_Raw data_.
[Start of Attachment]

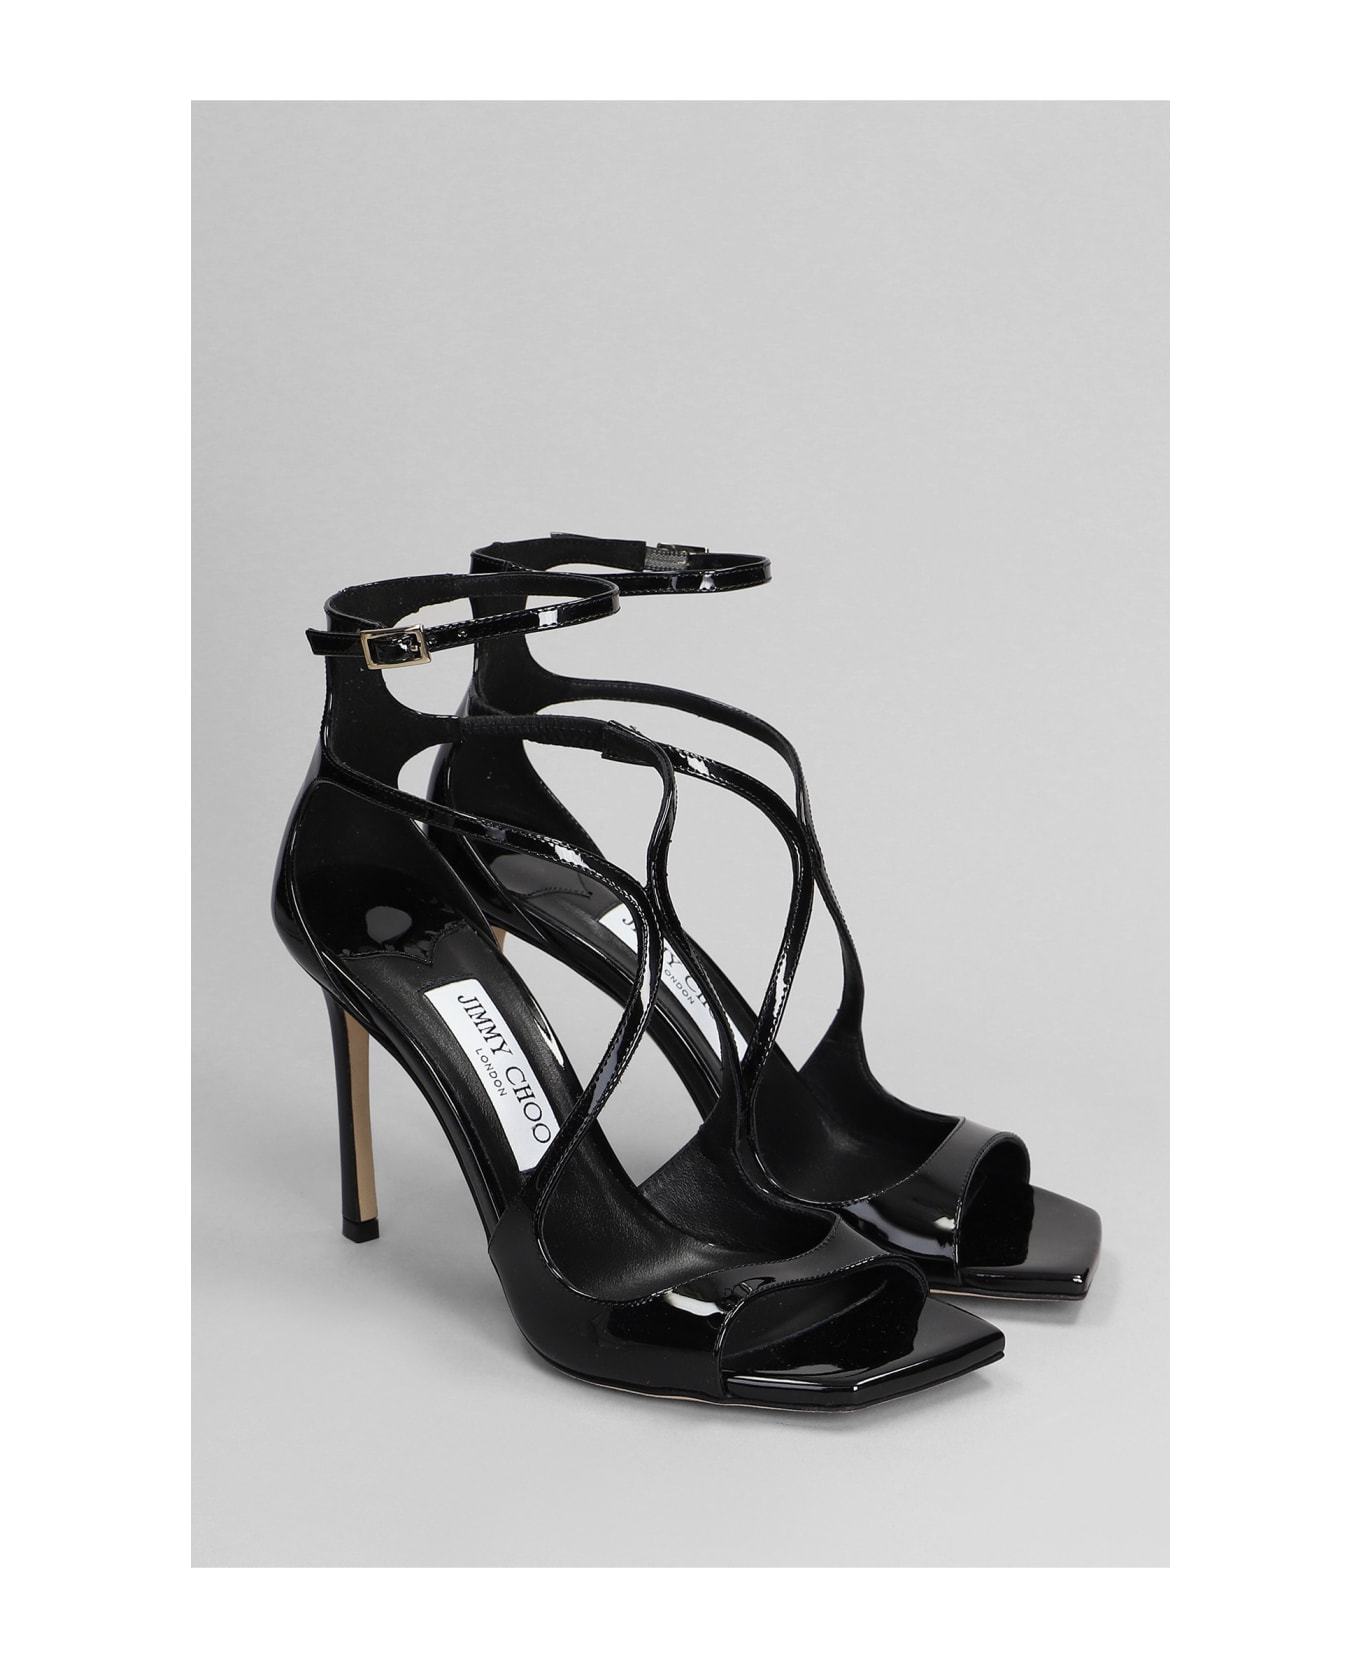 Jimmy Choo Azia 95 Sandals In Black Patent Leather - black
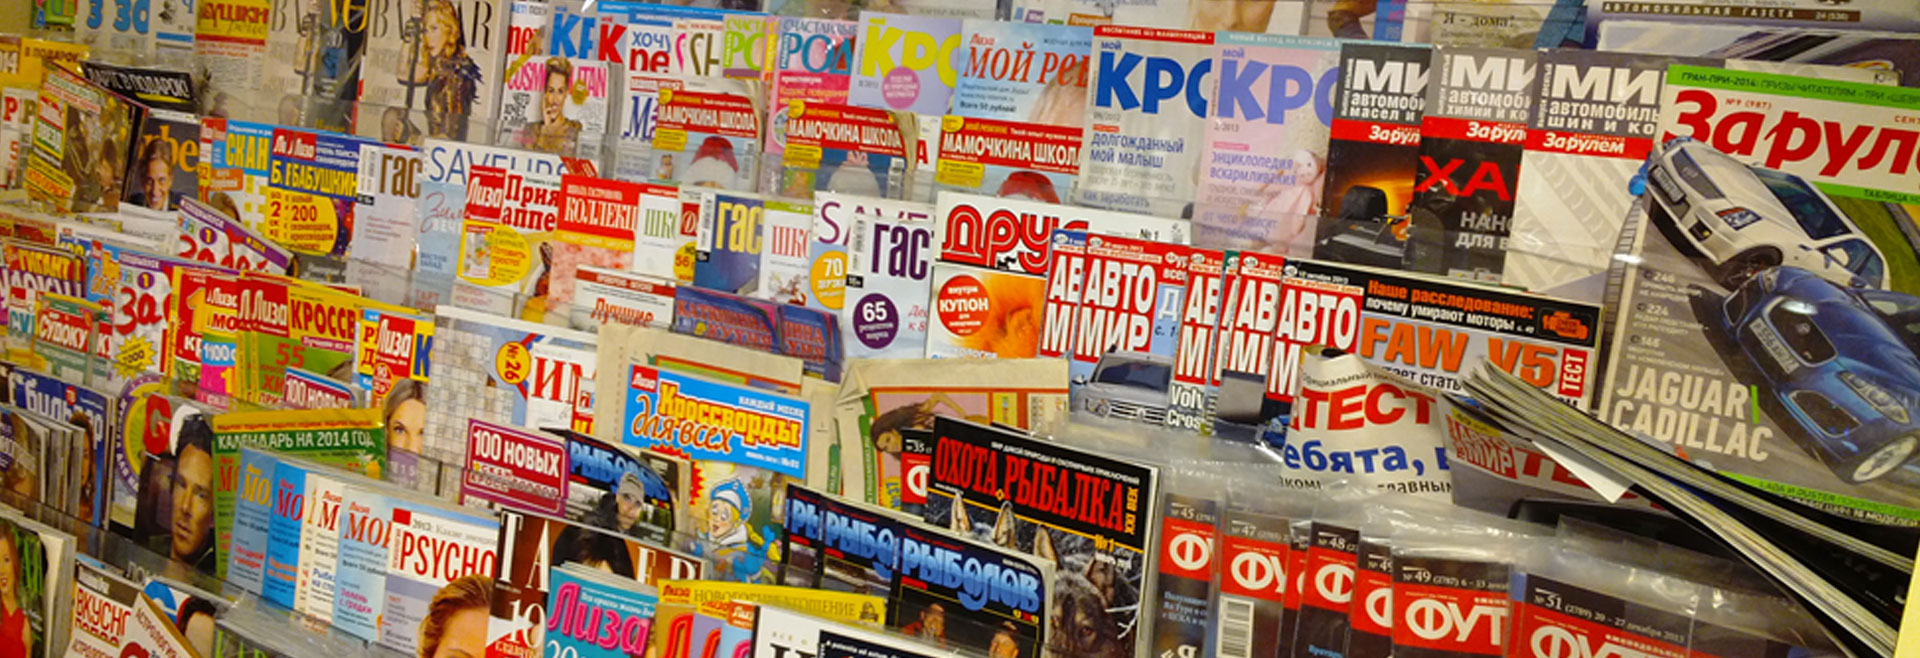 Magazines and Newspapers header image
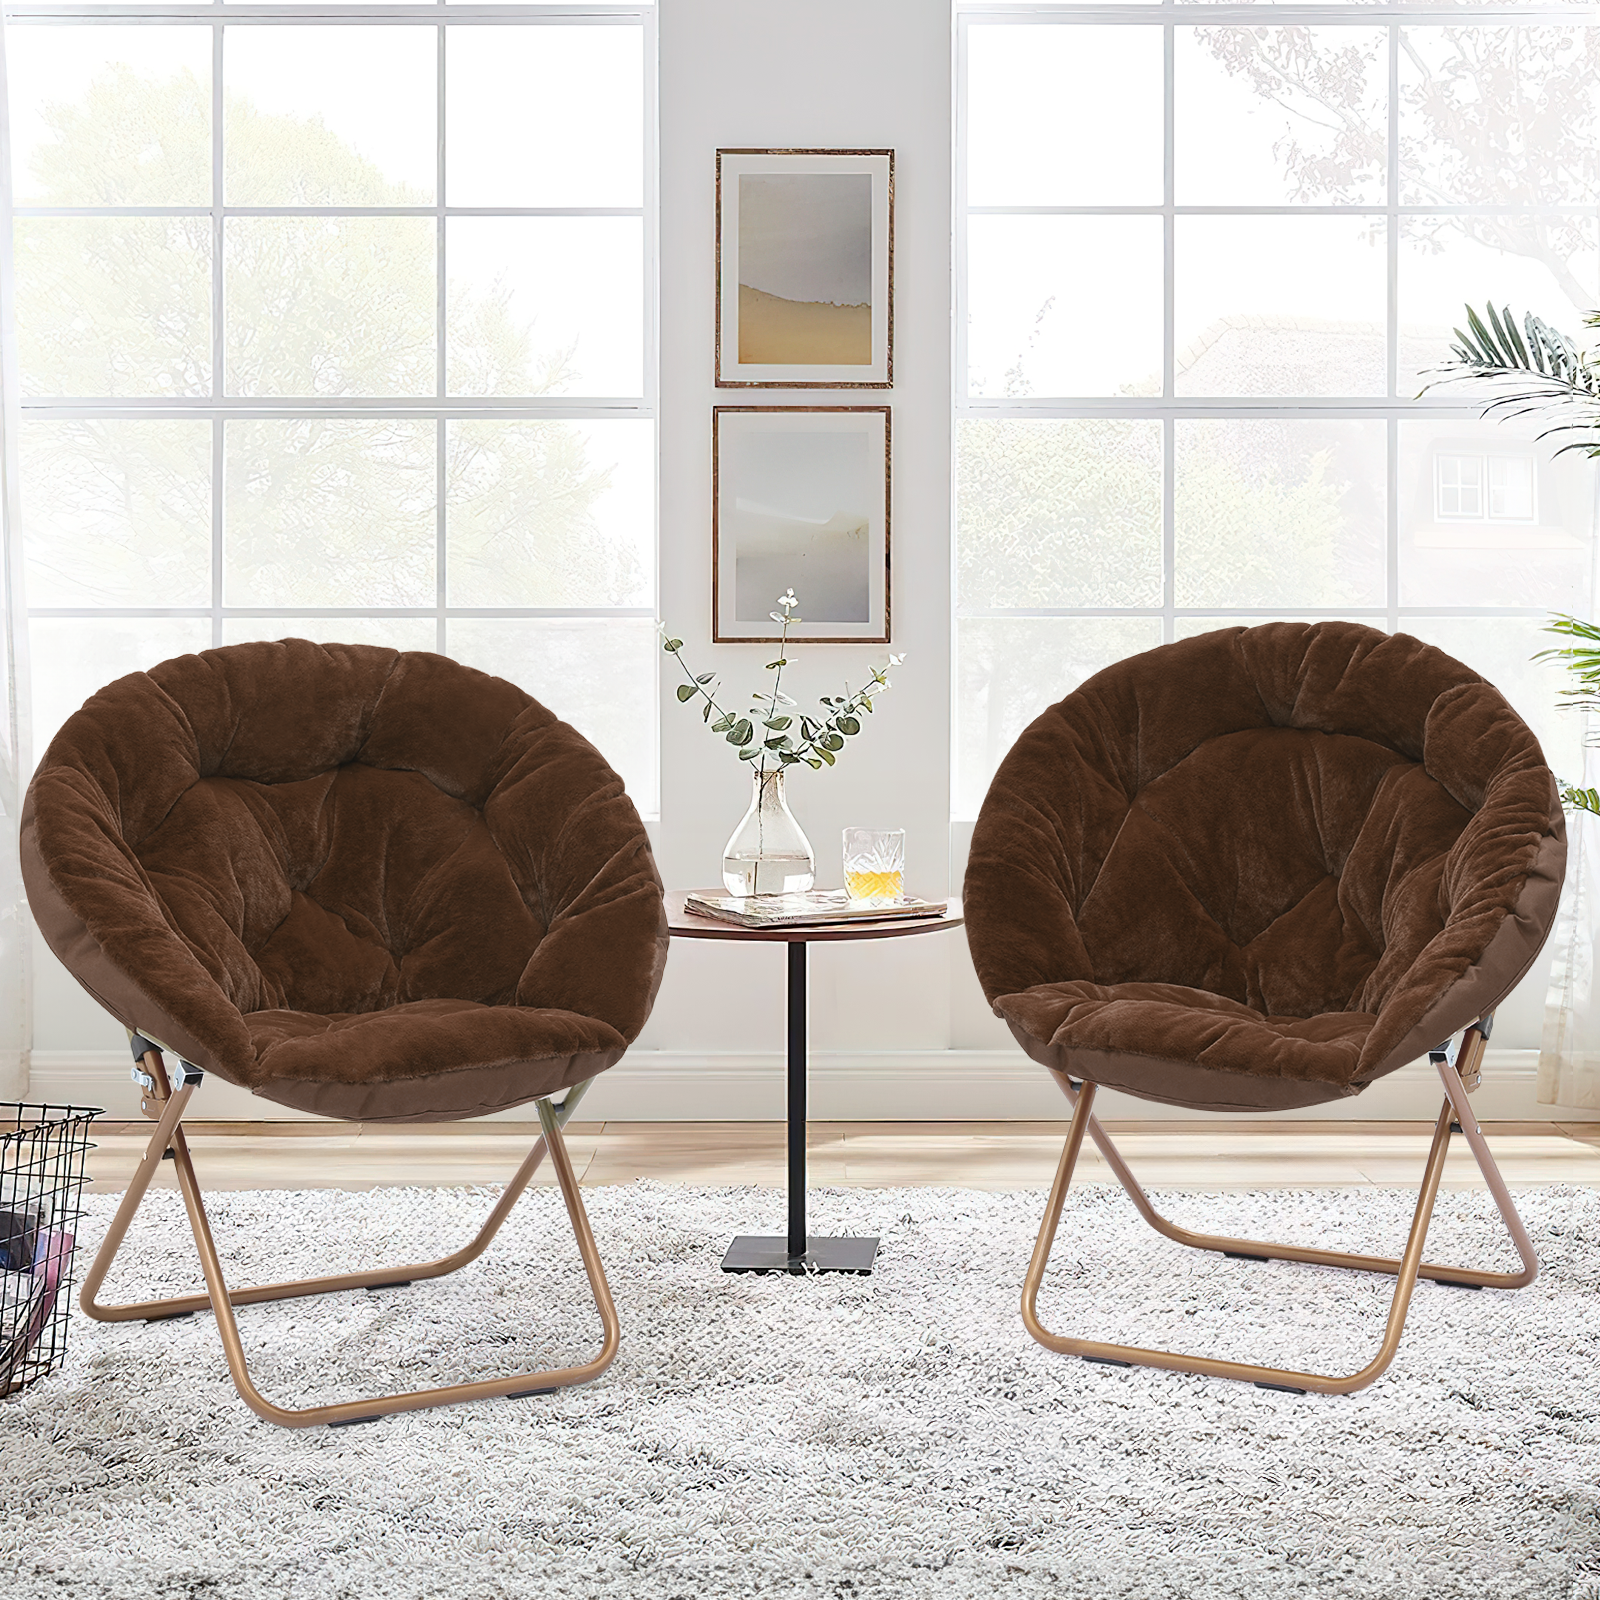 Magshion 2-Piece Folding Lounge Chair Comfy Faux Fur Saucer Chair, Cozy Moon Chair Seating with Metal Frame for Home Living Room Bedroom, Brown - image 3 of 10

[End of Attachment]

_About this task_.
Pictures are not part of the copy; retype all the other material exactly.

_Reply_.
 Jimmy Choo Azia 95 Sandals In Black Patent Leather - black
 Magazines and Newspapers header image
 Magshion 2-Piece Folding Lounge Chair Comfy Faux Fur Saucer Chair, Cozy Moon Chair Seating with Metal Frame for Home Living Room Bedroom, Brown - image 3 of 10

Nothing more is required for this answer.